Jon Harris

Biographical details
- Born: August 5, 1980 (age 46) Edwardsville, Illinois, U.S.

Playing career
- 1998–2002: Marquette
- Position: Forward

Coaching career (HC unless noted)
- 2002–2003: Marquette (GA)
- 2003–2008: Green Bay (assistant)
- 2008–2011: Missouri State (assistant)
- 2011–2014: Tennessee (assistant)
- 2014–2015: California (assistant)
- 2015–2019: SIU Edwardsville

Head coaching record
- Overall: 31–88 (.261)

Accomplishments and honors

Awards
- St. Louis Post-Dispatch HS Player of the Year (1998)
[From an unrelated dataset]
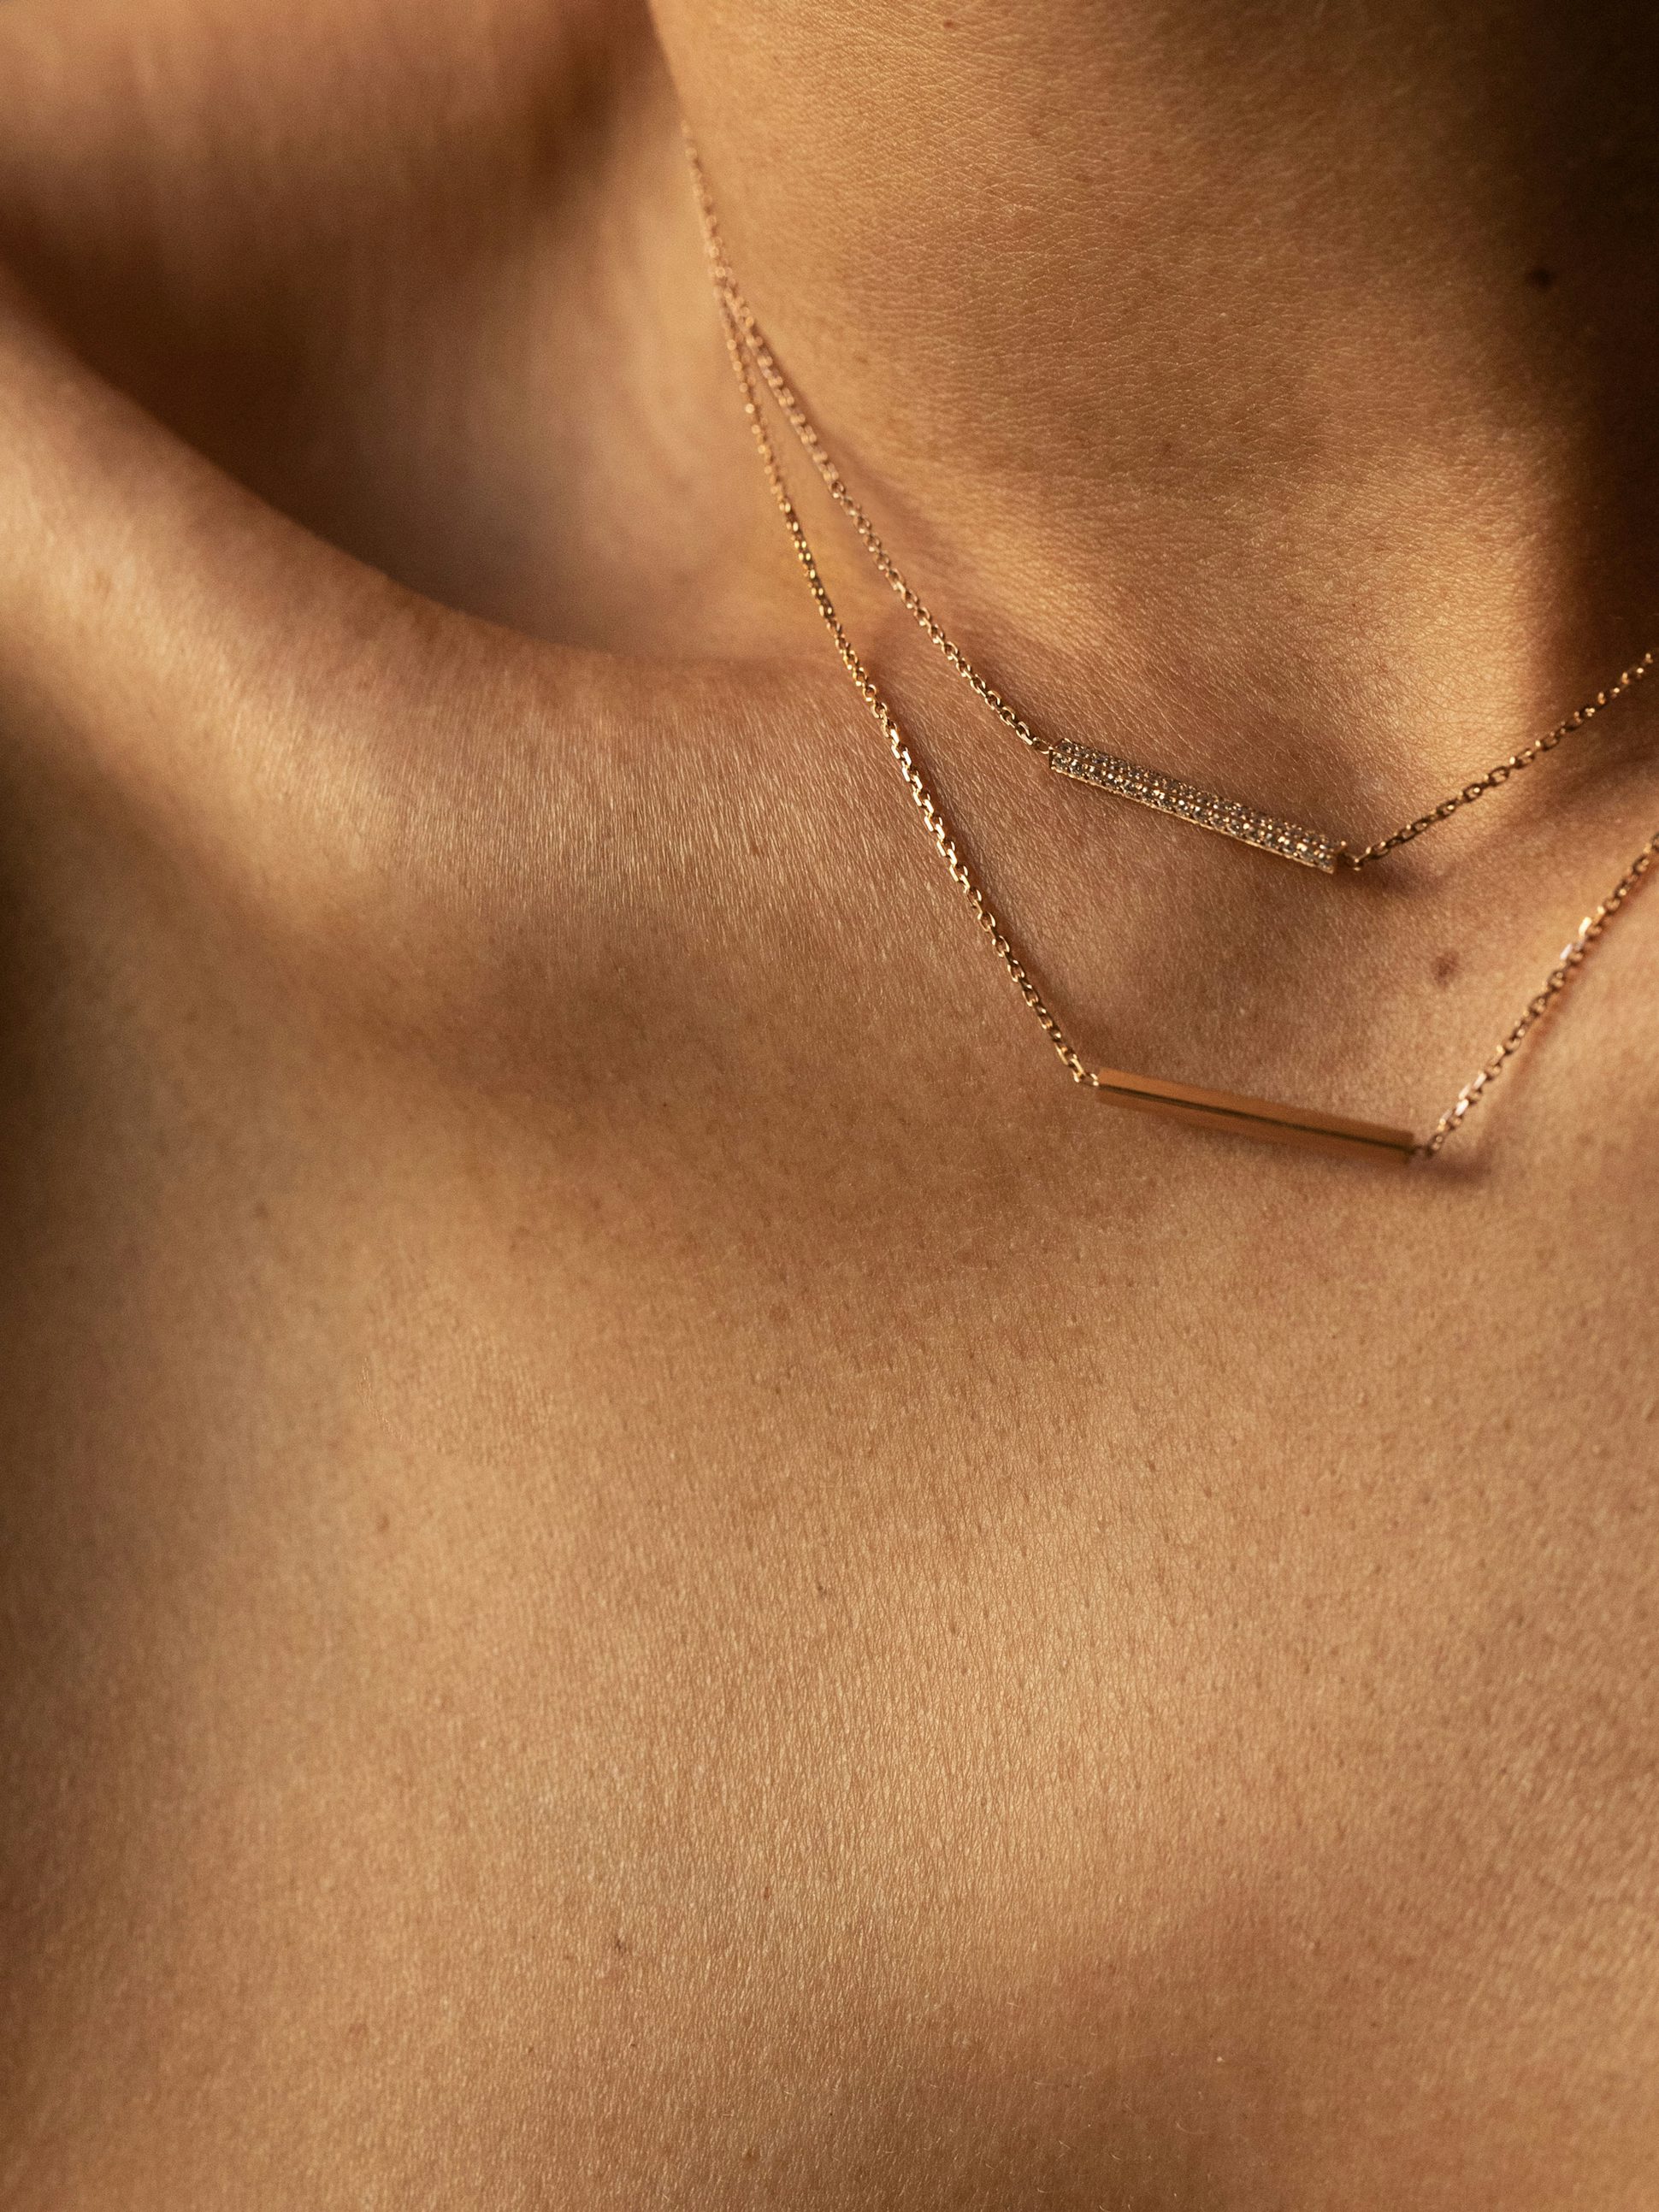 Motif Anagramme paved flat ribbon in rose gold 18k Fairmined ethical, on 42 cm chain

= Jon Harris (basketball) =

American college basketball coach (born 1981)

Jon Harris (born August 5, 1980) is an American college basketball coach who is the former men's head coach at Southern Illinois University Edwardsville (SIUE), an NCAA Division I program competing in the Ohio Valley Conference (OVC). A high school star at Edwardsville High School, Harris played collegiately at Marquette University. He was named the SIUE Cougars' new coach in April 2015 after spending thirteen years as an assistant in five different Division I programs. On March 11, 2019, SIUE announced that Harris' contract had not been renewed.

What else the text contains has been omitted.